Lymphoma can present with either lymphadenopathy or extranodal involvement. There are limited clinicopathological data pertaining to the occurrence of primary extranodal lymphoma (pENL) in Thailand. This was a retrospective study conducted at Chiang-Mai University Hospital from 2012 to 2016. Patients 18 years of age and over and with a diagnosis of pENL were enrolled onto study. Data related to clinical presentations, histology, stage, treatment and response were collected. There were 104 pENL patients with a median age of 63 years included. The most common presentation was gastrointestinal symptoms (41%), followed by ear, nose, and throat symptoms (35%). Diffuse large B-cell lymphoma (DLBCL) was the most common morphological subtype (60%), followed by marginal zone lymphoma (15%). The majority of patients presented with stage II disease (55%). The five-year overall survival rate was 71%. The factors associated with mortality were hemoglobin <7 g/dL, B-symptoms and LDH above upper normal limits. This study illustrated that lymphoma can present at various extranodal sites. Gastrointestinal symptoms were the most common presentations and DLBCL was the most common subtype of pENL. ©Copyright: the Author(s), 2019.

Introduction

Lymphoma is the most common hematologic malignancy and ranks as the seventh most common form of cancer.[1] The majority of cases are non-Hodgkin’s lymphoma (NHL) in particular B-cell lymphoma.[2] In the World Cancer Report 2014 the estimated incidence of NHL was 6.0 and 4.1 per 100,000 in males and females, respectively.[3] Although a common presentation of lymphoma is lymphadenopathy,[4] some patients present with symptoms of extranodal involvement including the gastrointestinal (GI), neurological, and dermatological systems which may lead to a delay in diagnosis and treatment.[5]

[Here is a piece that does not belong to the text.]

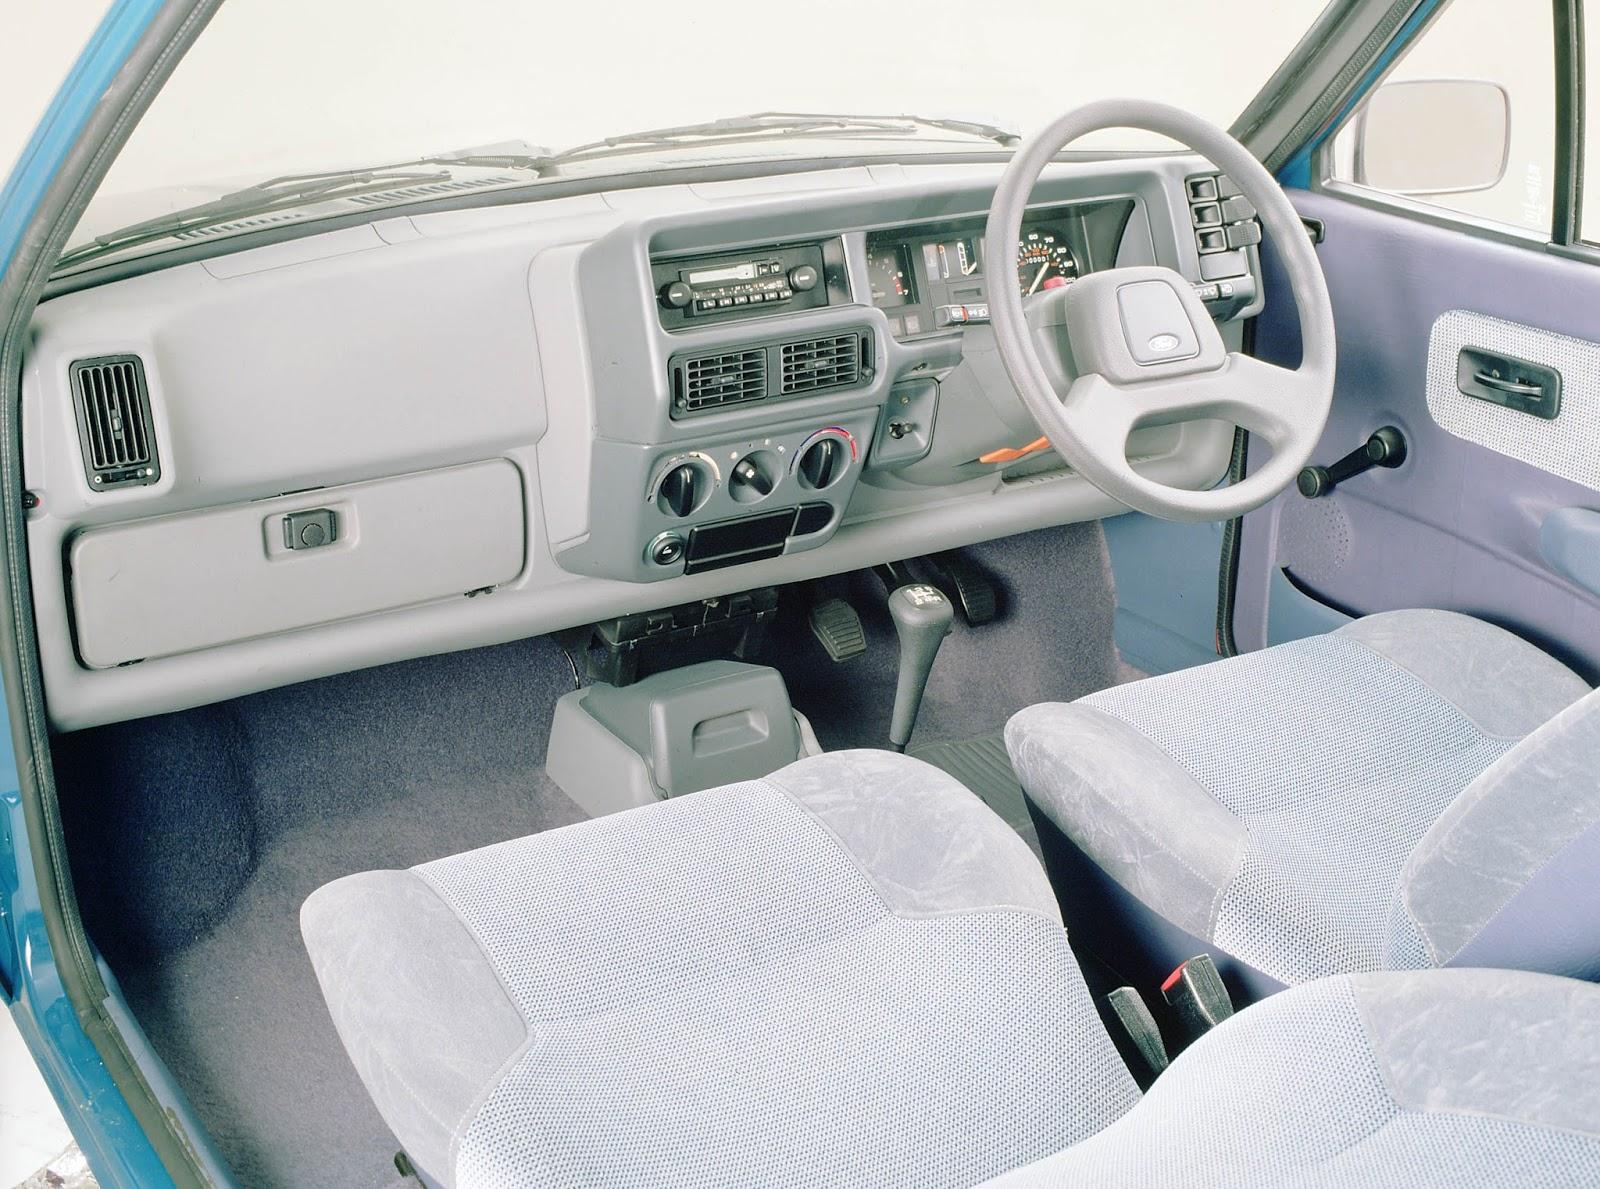 FordFiesta 1983 1989 GhiaInterior 1983 01 2 Έκανες Πολύ Δρόμο Μωρό μου! - Το Ford Fiesta Γίνεται 40 Ετών Ford, Ford Fiesta, Fun, videos, zblog
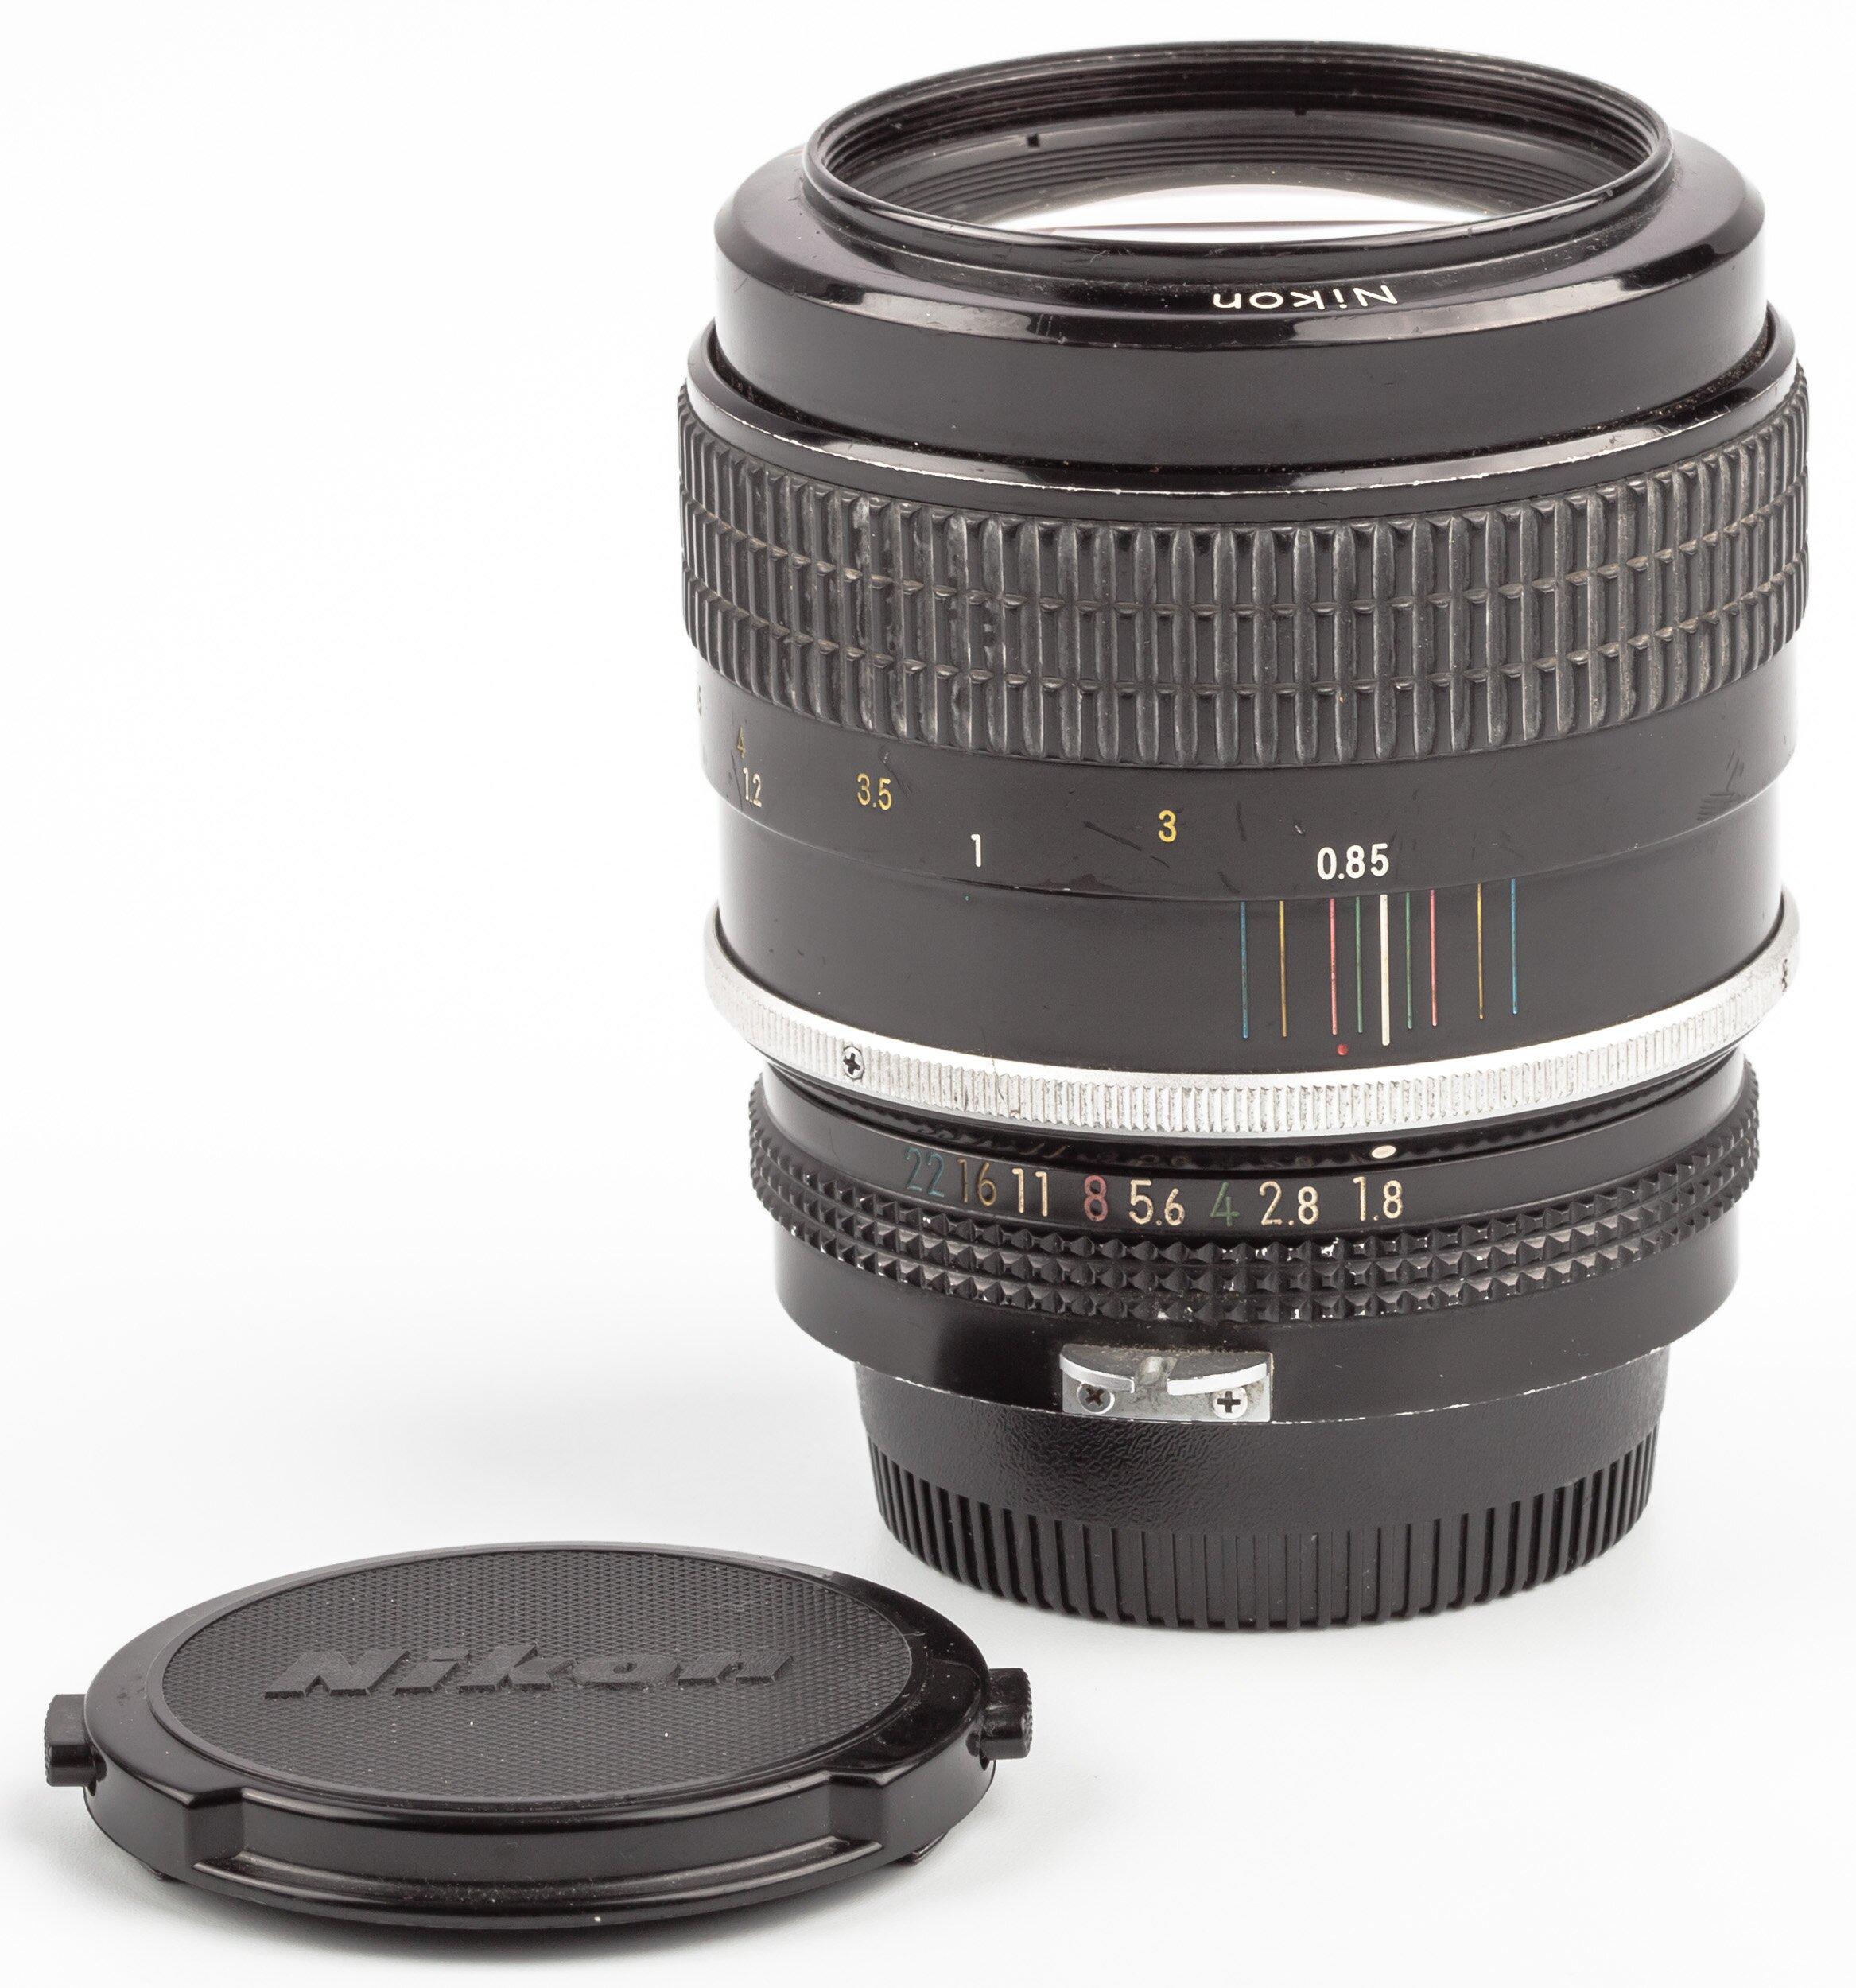 Nikon non AI 85mm 1,8 Nikkor

A review of relevant literature resulted in the collection of data from various countries about epidemiology, clinical manifestations, pathological results, and treatment outcomes related to extranodal lymphoma. The population-based NHL registry from the Netherlands showed 34% (389/1168) of NHL patients were classified as primary extranodal NHL (pENL) defined by presentation in other tissues and organs than the lymph nodes, including Waldeyer’s ring, spleen or bone marrow, without or with only minor lymph node involvement. The prevalence decreased to 20% if patients with disseminated disease presenting in an extranodal site were excluded.[6] A study of 6382 lymphoma patients from Southwest China reported that at diagnosis 53.5% of all NHL cases presented in extranodal sites since Waldeyer’s ring was also included in extranodal sites in this study.[7] A Dutch study showed that the GI tract was the most common site of pENL (45.7%)[6] whereas it was the second most common site in the Chinese study after Waldeyer’s ring (22.3% and 23.7% and respectively).[7] Diffuse large B-cell lymphoma (DLBCL) was the most common histological subtype of pENL in both studies, accounting for 50% and 42.2%, respectively.[6,7] However, the second most common subtypes differed in the two studies, with chronic lymphocytic leukemia (CLL)/small lymphocytic lymphoma (SLL) being second in the Dutch study and extranodal NK/T cell lymphoma, nasal type (ENKTL) in the Chinese study.[6,7] In addition, other studies from Kuwait[8] and India[9] showed follicular lymphoma (FL) and marginal zone lymphoma of mucosal associated lymphoid tissue (MALT) respectively accounted for the second highest prevalence after DLBCL.

Investigation into treatment outcomes of pENL, showed no difference in complete response (CR) rates, and overall survival (OS) of pENL and primary nodal NHL in the Netherlands study.[6] In contrast, the OS of a high-grade lymphoma subgroup of pENL was significantly lower than the nodal high-grade NHL in the study carried out in Kuwait.[8]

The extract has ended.